ERDOĞAN “14’E TEK” MAÇ YAPTI…
Cumhurbaşkanlığı seçimleri öncesinde çeşitli araştırma şirketlerinin yaptığı anketlerde ANDY-AR gerçeğe en yakın sonucu çıkardı. Uzman Araştırmacı Faruk Acar tarafından 1999 yılında kurulan ANDY-AR hata payını yüzde 2,0 olarak belirleyerek Recep Tayyip Erdoğan’ı yüzde 53,0, Ekmeleddin İhsanoğlu’nun yüzde 37,9 ve Selahattin Demirtaş’ın oy oranını ise 9,1 olarak açıklamıştı. Şirket 27 ilde yüz yüze yöntemiyle 3 bin 283 denek ile çalıştı. Aldıkları başarılı sonucu AKŞAM’a değerlendiren Acar ‘İşin sırrı objektif olmakta’ diyor. Acar, “Erdoğan seçimde 14’e karşı tek hareket etti. Bir başka deyişle ben ve hepiniz maç yapalım diyerek herkesi karşısına aldı. Hedefinde de başarılı oldu. Ekmeleddin İhsanoğlu, tatilcileri sandığa götürecek bir heyecan ve üslup yaratamadı. Erdoğan’ın zaten kazanacak algısı olması nedeniyle yüzde 15’lik bir seçmen sandık başına gitmedi” diye konuştu.
SİYASET BOŞLUK KALDIRMAZ TASLAR YERİNE OTURACAK…
Seçilmiş Cumhurbaşkanı ve Başbakan Erdoğan, Cumhurbaşkanı Abdullah Gül’ün devir teslimin ardından AK Parti’ye geri dönmesine mani bir durumun bulunmadığını söyledi. Başbakan, 27 Ağustos’ta toplanacak olağanüstü kongre ile ilgili olarak da “siyaset boşluk kaldırmaz” dedi.
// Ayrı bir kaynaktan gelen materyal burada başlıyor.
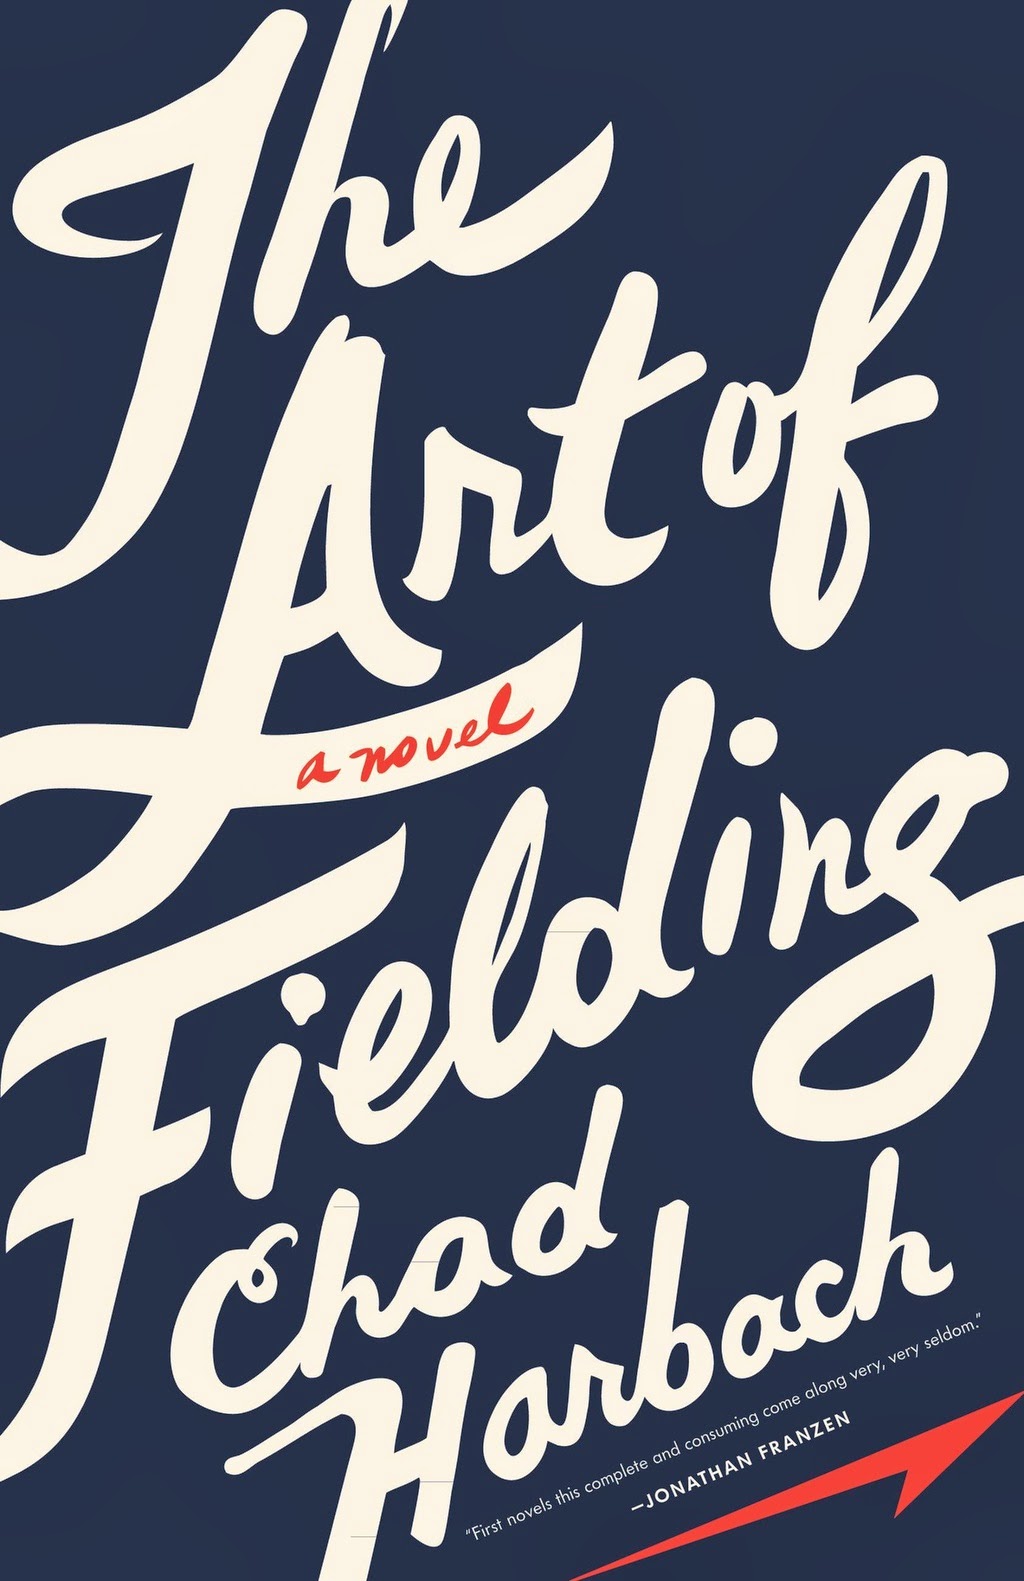 http://discover.halifaxpubliclibraries.ca/?q=title:%22art%20of%20fielding%22
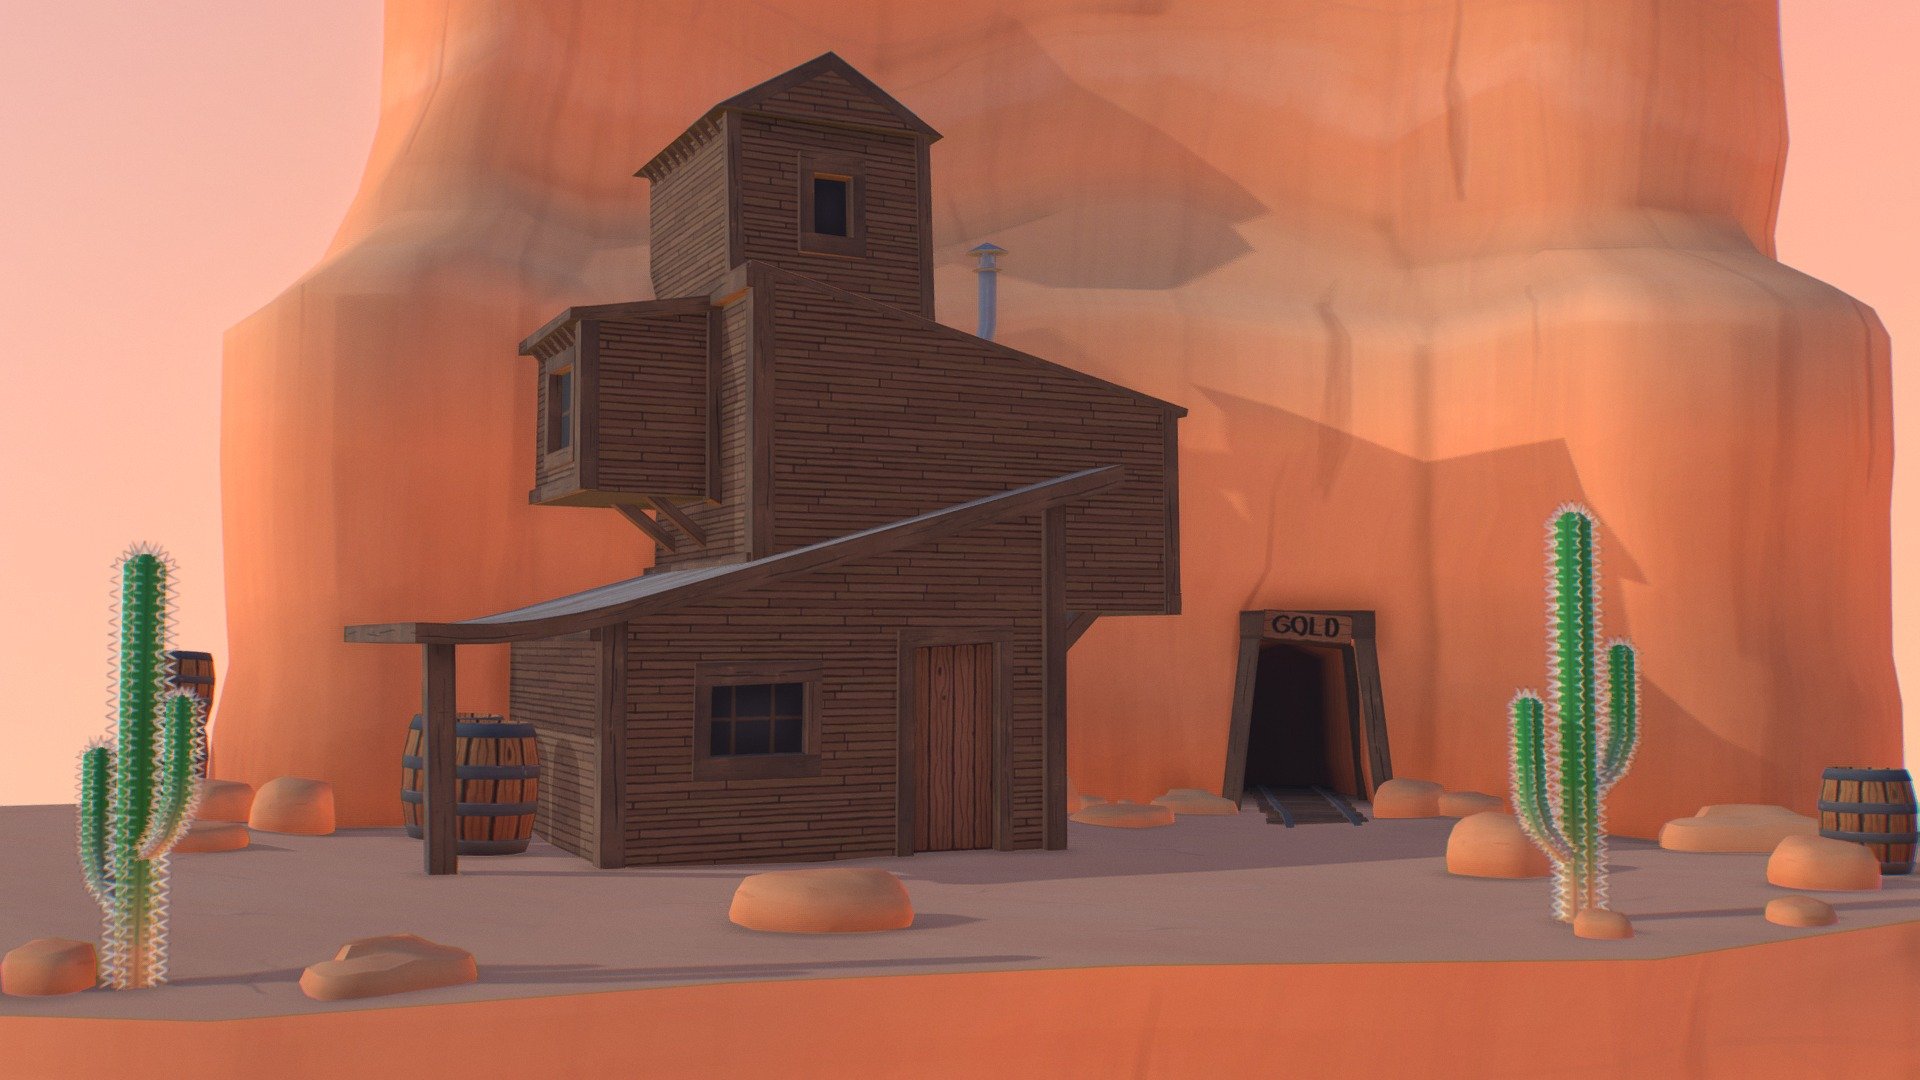 A low poly hand painted scene for gameart 2017. The house of a gold miner next to his mine, in the middle of the desert. I will probably upload a more finished version somewhere in the future 3d model

Cumhurbaşkanı Abdullah Gül’ün Çankaya Köşkü’nde verdiği veda resepsiyonuna katılan Başbakan Erdoğan, basın mensuplarının sorularını cevaplandırdı. Erdoğan, AK Parti Olağanüstü Kongresi ile ilgili olarak, “Ayın 27’sindeki olağanüstü kongre ile birlikte normal büyük kongreye kadar partimizde yönetim değişikliği olmayacak. Olağanüstü kongre tek gündemle genel başkanlık seçimi için toplanacak. Sadece genel başkanlık seçimi yapılacak” dedi. Başbakan Erdoğan, Cumhurbaşkanı Abdullah Gül’ün AK Parti’ye geri dönse de başbakan olamayacağının hatırlatılması üzerine de şunları söyledi: “Abdullah Bey’in partiye dönmesine devir teslimden sonra mani hiçbir hal yok. Siyaset biliyorsunuz boşluk kabul etmez. Bir de tabi partinin başında ayrı kişi, başbakanlıkta ayrı kişi, bu yanlış olaydır. Yanlış bir süreçtir. Onun için biraz da gelecek noktasında inanıyorum ki partide taşlar yerine daha iyi oturacaktır. Abdullah Bey’in partisine, partimize bundan sonra dönmesinden daha doğal, daha tabi hiçbir şey olamaz. Böyle bir adımı atması da doğaldır” diye konuştu. Erdoğan, kabine değişikliği ile ilgili sorulara da “çok erken” cevabını verdi.